An Amazing, Illegal Pikachu Statue Secretly Put Up in New Orleans
There is a strong argument it's an improvement.
Some of the most revered people in the world are immortalized with a statue. In short, statues represent the milieu of a nation. So it’s only fitting that a statue of Pikachu popped up in New Orleans overnight.
A fiberglass Pikachu standing atop a concrete base — arms crossed, face defiant, and painted to look like it was made from weathered bronze — appeared on a defunct fountain in the Garden District of New Orleans on Sunday morning. No one knows how it got there or who put it up, but it’s pretty clear why: Pokémon Go runs the world and there’s nothing the non-playing masses can do about it.
The unsanctioned statue (read: illegal) is in what was previously an empty, weed-and-spare-tire filled area of Coliseum Square on Terpsichore Street. Coliseum Square is just to the south of the French Quarter and the Superdome, and is filled with other tastefully artistic statues inspired by the nine muses of Greek mythology.
And now, Pika:
New Orlean’s Pikachu statue — monument, really — belongs in a special category of defiant pop-up statues:
- There was the 100-pound Edward Snowden bust put on top of a Revolutionary War monument in Brooklyn.
- And who could forget the Vladimir Lenin statue in Ukraine that was transformed into a Darth Vader statue?
- Or, in a more ethereal state of illegal statue building, the Colorado man who created rock sculptures by balancing loose stones.
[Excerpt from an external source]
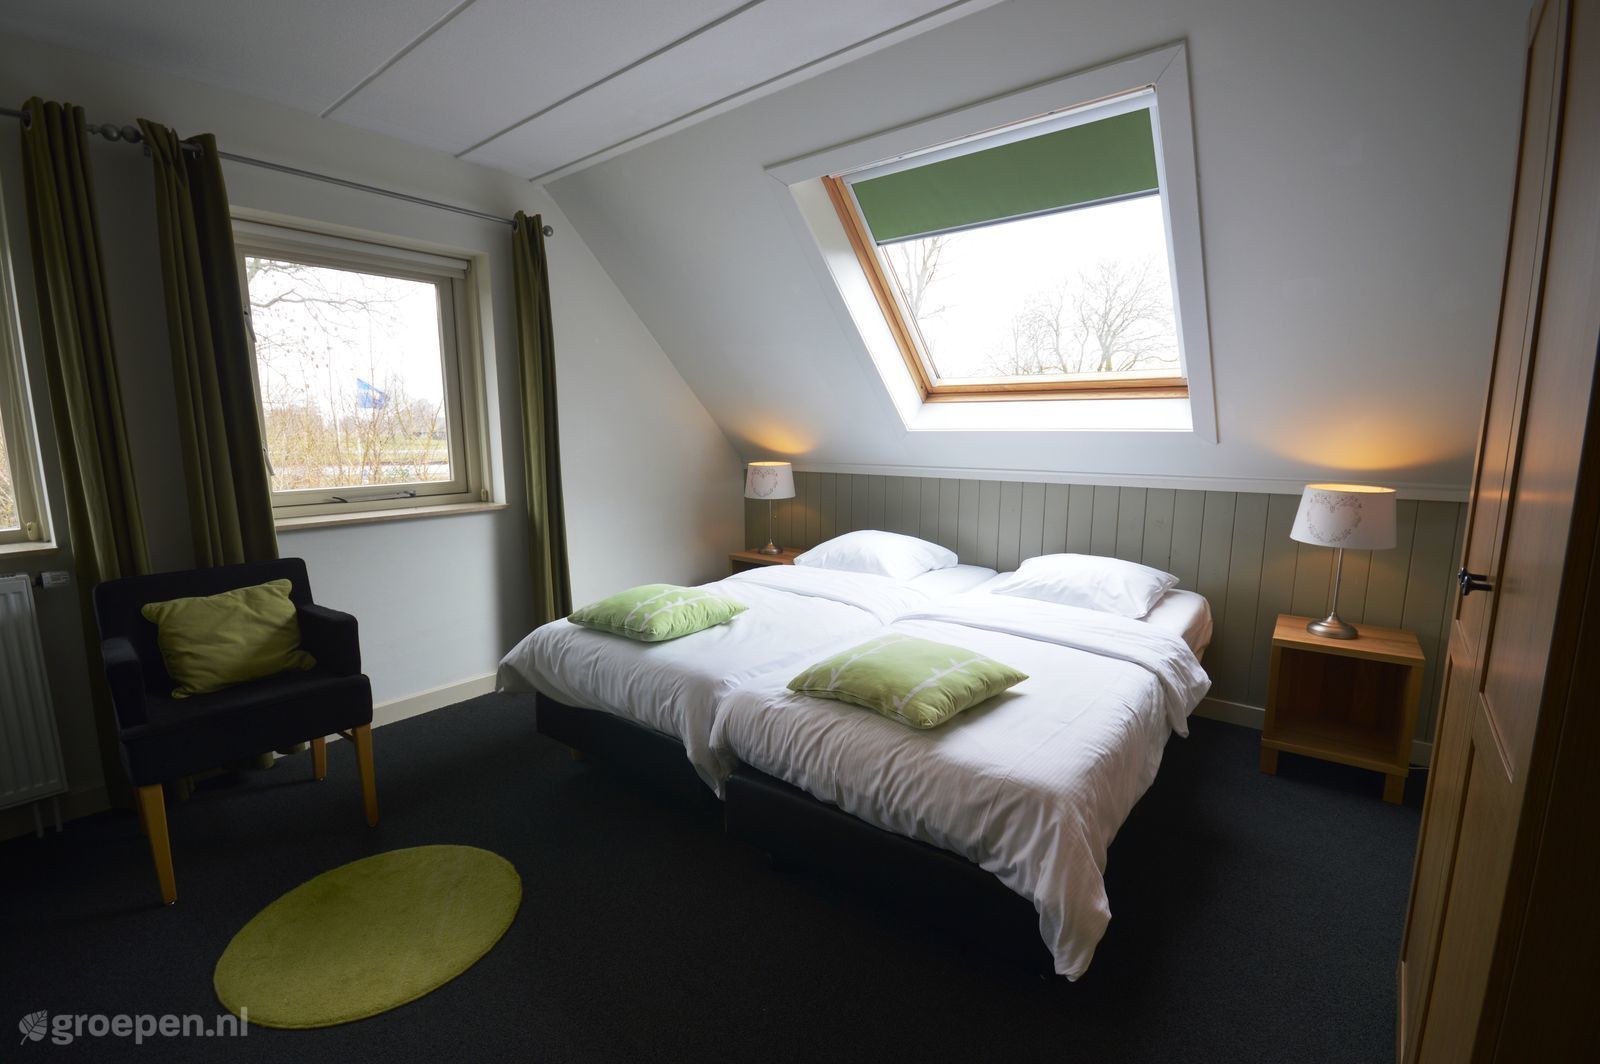 Group accommodation Giethoorn

Although, judging from a Google Maps image of the fountain pre-Pokémon Go mania, the Pikachu statue is a huge improvement:
Pikachu might not be the first choice for New Orleans officials when it comes to subjects for statues, but the vigilante statue uprising could prove to be a cheap way for the city to beautify forgotten areas. Then, in the foreseeable future after New Orleans has sunk into the Gulf of Mexico and been forgotten, archeologists will excavate the Pikachu statue and understand what the summer of 2016 was really all about.